А может, и пришлось бы, – добавил учитель и резко ткнул культей. – Ты!
Я вскочил.
– Не слушаешь – стало быть, знаешь. Так, может, объяснишь классу насчет стоимости? Это относительное или абсолютное понятие?
Вообще-то, я слушал. Просто не видел причин, почему нельзя этим заниматься с закрытыми глазами и расслабленным позвоночником. Но мистер Дюбуа меня подловил: я не выполнил домашнее задание.
– Абсолютное, – ответил я наугад.
– Неправильно, – холодно произнес учитель. – Стоимость может существовать исключительно в нашем представлении.
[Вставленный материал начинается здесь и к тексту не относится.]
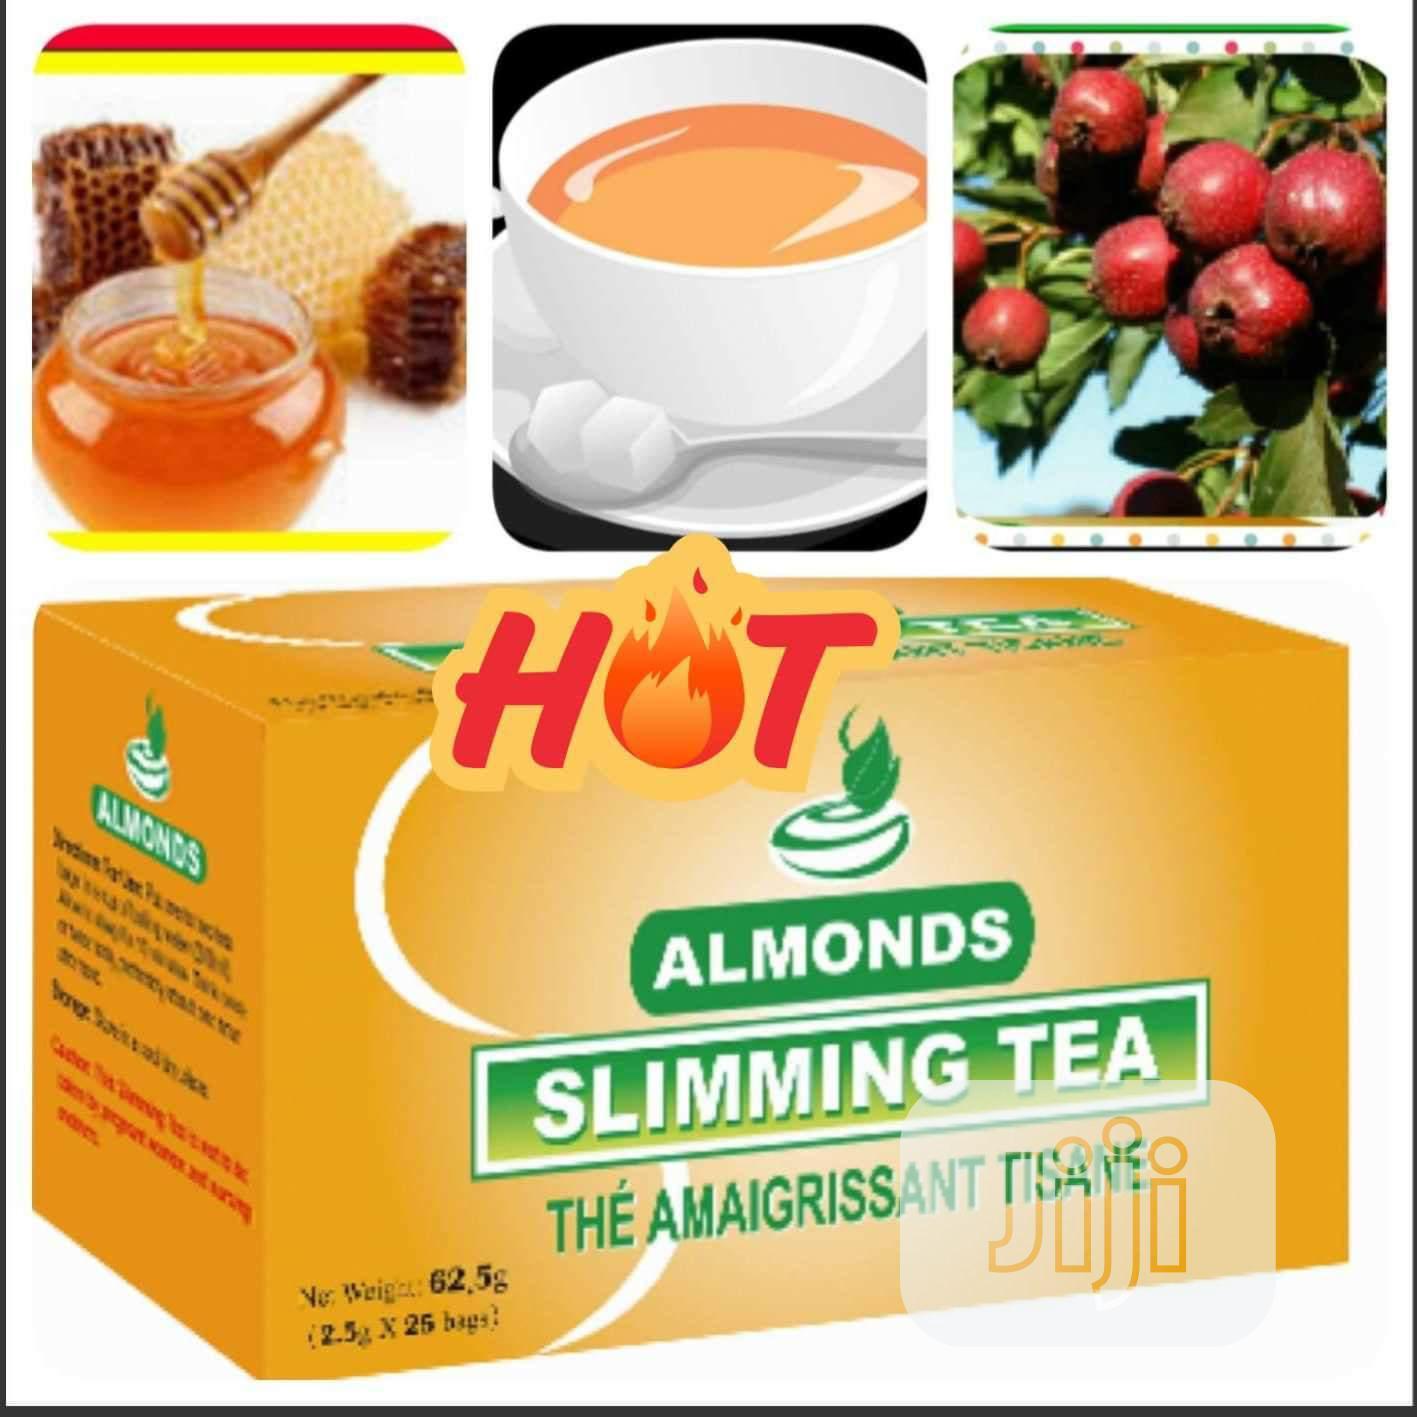 Almonds Slimming Tea

Какую вещь ни возьми, она будет иметь определенную стоимость только для конкретного человека, это сугубо личностное явление, у разных людей – разные оценки. «Рыночная стоимость» – фикция, не более чем плод грубого гадания, усреднения индивидуальных оценок, каковые должны быть совершенно разными, иначе торговля станет невозможной.
Как бы отреагировал папа, услышь он, что рыночная стоимость – фикция? Наверное, фыркнул бы с отвращением.
– Так вот, это сугубо личностное явление, стоимость, вызывает у человеческого существа двоякий интерес. Первое: что может сделать человек с вещью, какова ее польза для него? И второе: что нужно предпринять, чтобы завладеть ею, какую заплатить цену? Одна старинная песня утверждает: самое лучшее в жизни достается бесплатно.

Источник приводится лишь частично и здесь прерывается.